Что может поделать с большим миром один маленький человек? Не многое. Но пока у нас есть глаза, уши и рты, мы можем видеть, слышать, говорить – каждый своё и по-своему, безотносительно того, одобряет ли этот взгляд власть или твоё окружение. Принципиальная позиция сулит не только неудобства, но и новый мир. И только от нас, от каждого вместе, зависит, останемся ли мы в старом.

***

Вадим Яковлев: Вот уже 10 лет ты живешь в США. Я помню Анатолия Ульянова нулевых. Твой сайт «Проза», пользовавшийся популярностью, был близок по духу к ЖЖ, где бурлила интеллектуально-нонконформистская жизнь, проектам издательства Ильи Кормильцева «Ультра. Культура» и оранжевой серии Алекса Керви, открывшей постсоветской аудитории Чака Паланика. Обобщая, я бы отнесла все перечисленное к постсоветскому постмодерну. Это был дух времени, присутствовавший в культурных и политических процессах эпохи, – от массовых до контркультурных. Сейчас эпоха нулевых выглядит смешной и наивной. Слово «контркультура» практически не используют. А концепт постсоветскости теряет актуальность. Ты же теперь откровенно говоришь о своих левых взглядах, испытывая, как мне кажется, не очень много ностальгии по тем временам.

Анатолий Ульянов: Я не имею ничего против ностальгии, но это не моя ностальгия.
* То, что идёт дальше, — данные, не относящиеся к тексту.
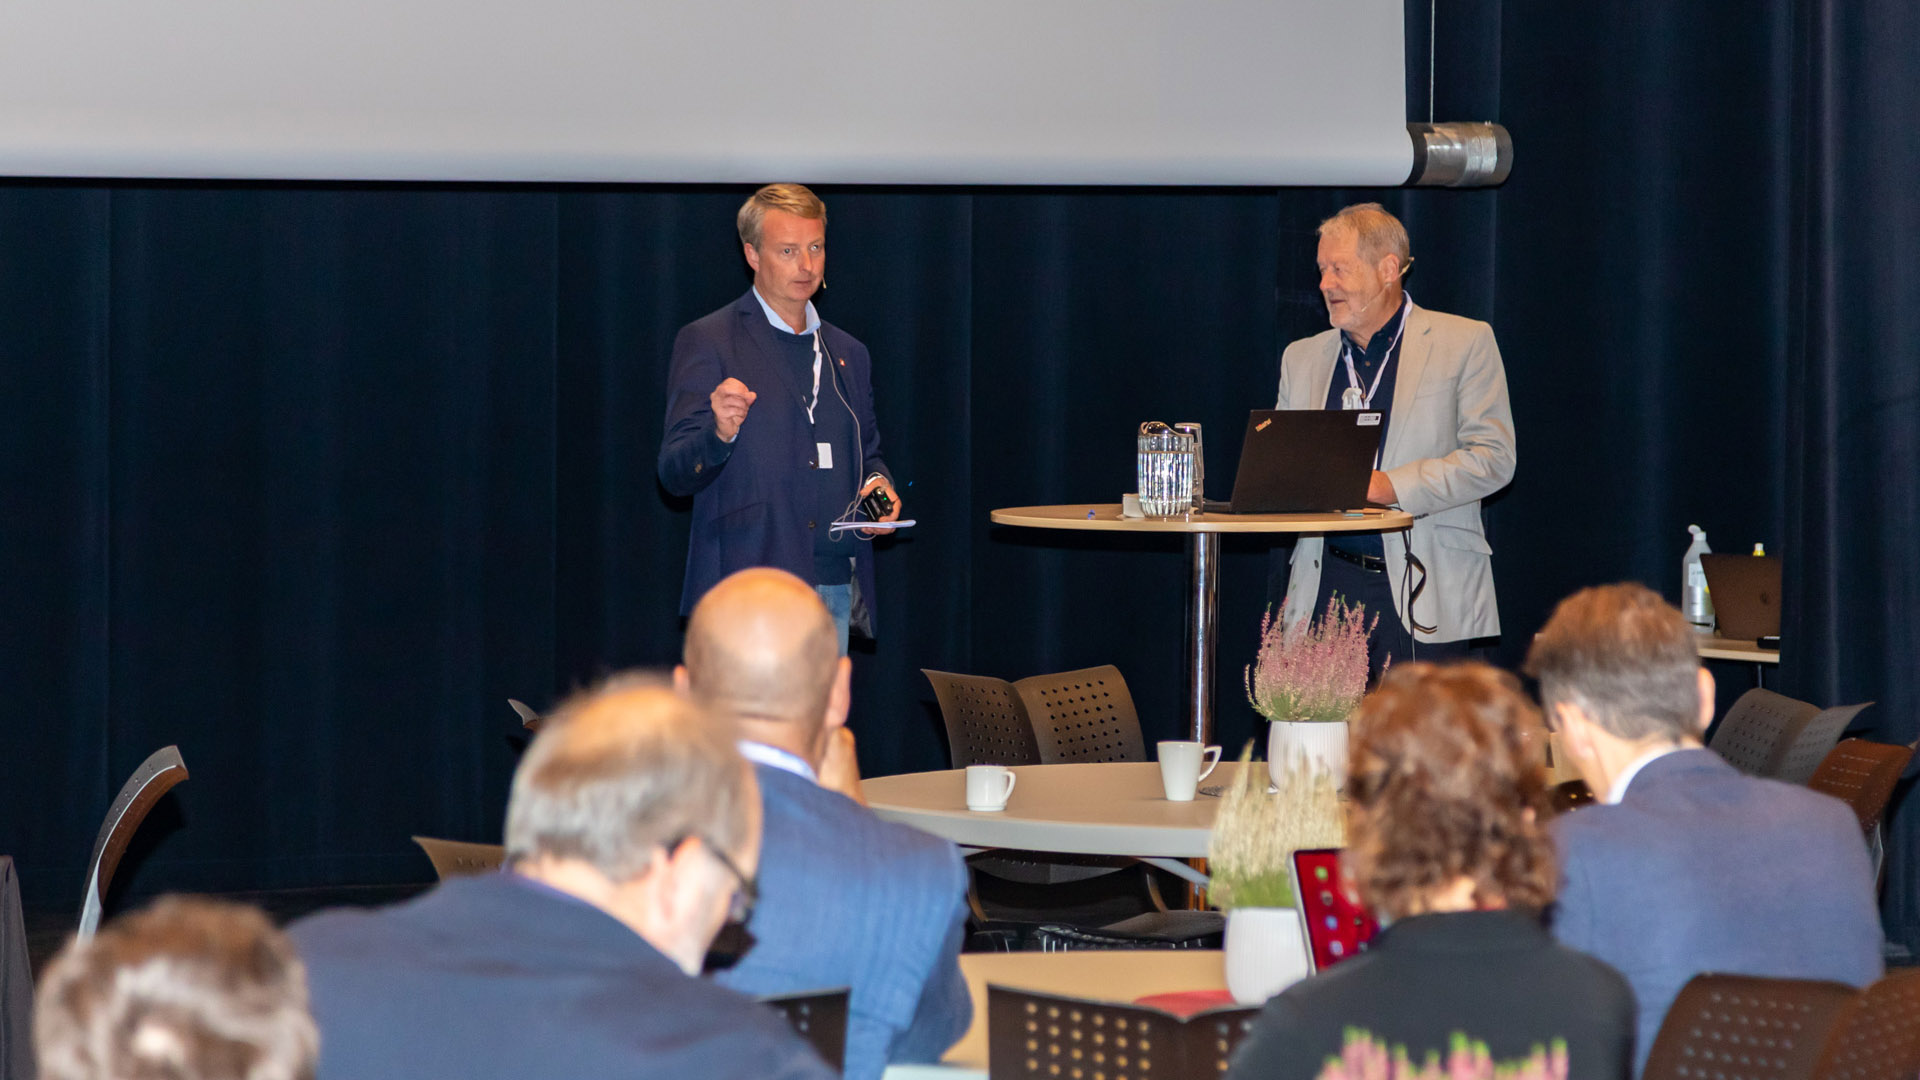 Fosenbrukonferansen 2020 - Terje Søviknes og Olav Ellevset

С тех пор случилось множество событий, которые более значительны для меня нынешнего. Я с теплом вспоминаю ту часть львовского детства, где моя семья была большой и цельной, прежде чем девяностые нас покрошили. Балканские путешествия, карибский период в Нью-Йорке, первые годы в Лос-Анджелесе… Нулевые же ассоциируются у меня со светским раутом и правой зарей, отнявшей у меня возможность жить и работать в Украине. Мне не симпатичны ни то время, ни тот я, хотя я и считаю все это важной частью пути, ведущего во все сегодняшние жути и прелести.
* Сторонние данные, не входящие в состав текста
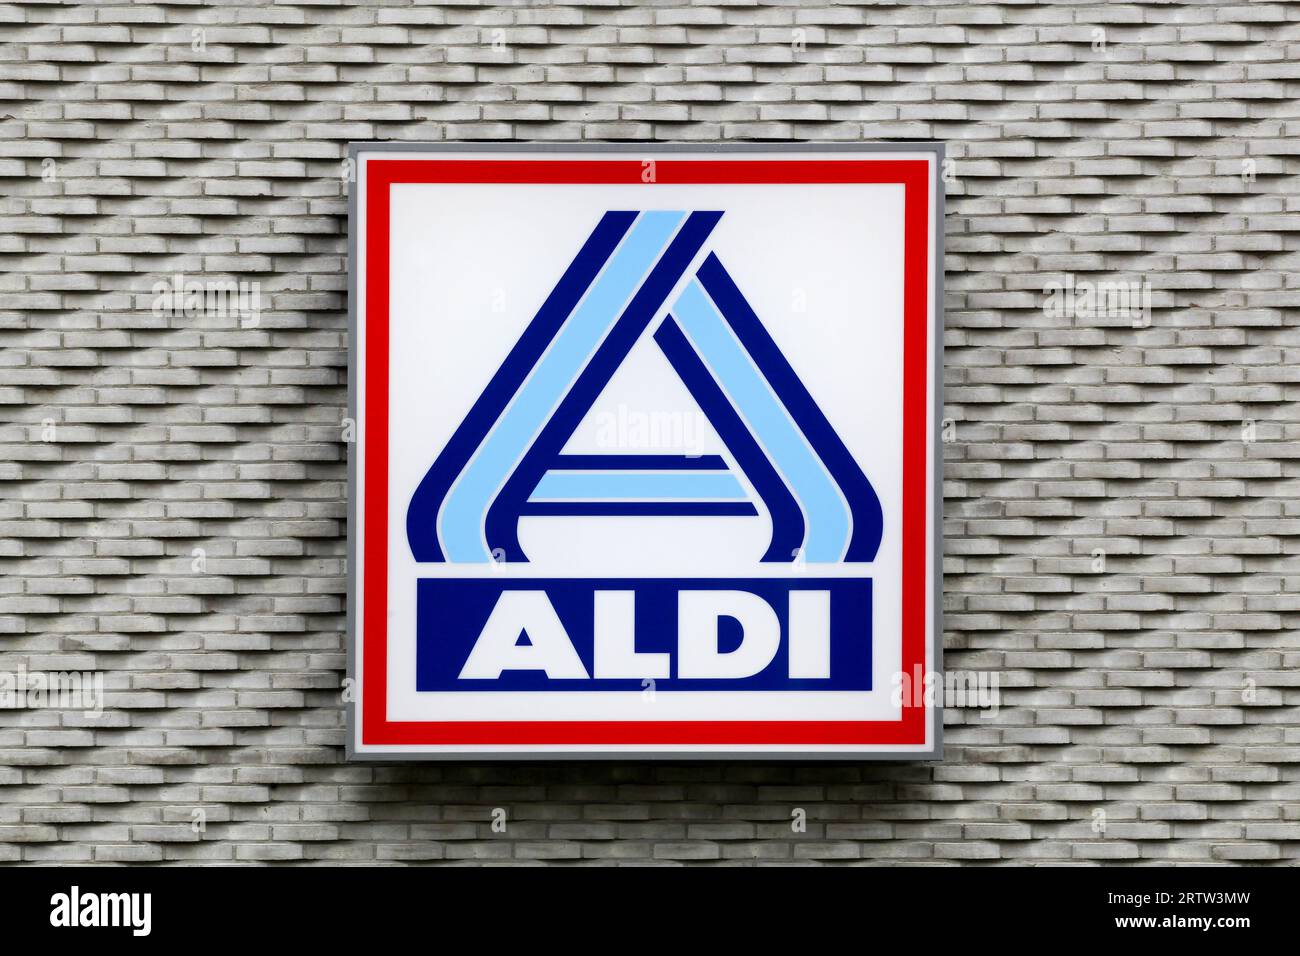 Aldi-Logo an der Wand. Aldi ist eine führende globale Discount-Supermarktkette mit über 10 000 Geschäften in 18 Ländern Stockfoto

В.Я.: Я понимаю, почему многих (кстати, и меня) привлекала постсоветская постмодерность с ее наивом, бесконечной иронией, латентным элитаризмом и равнодушием ко всякого рода идеологической индоктринации. Это казалось эмансипативным.

А.У.: Да, в постсоветских нулевых этот постмодернистский коктейль разил свежестью. Проблема в том, что многие из нас восприняли его исключительно гуманитарно: как возможность смешивать все, кроить идентичности, действовать без оглядки на принципы, которые, как и гендер, стали жидкими. Отсюда – ощущение свободы, которую дает беспринципность. Отсюда же – эпоха постправды и «атлантов», чьи взгляды меняются в зависимости от конъюнктуры, а успех, как и «качество» человека, измеряется его достатком, принадлежностью к хозяйскому классу.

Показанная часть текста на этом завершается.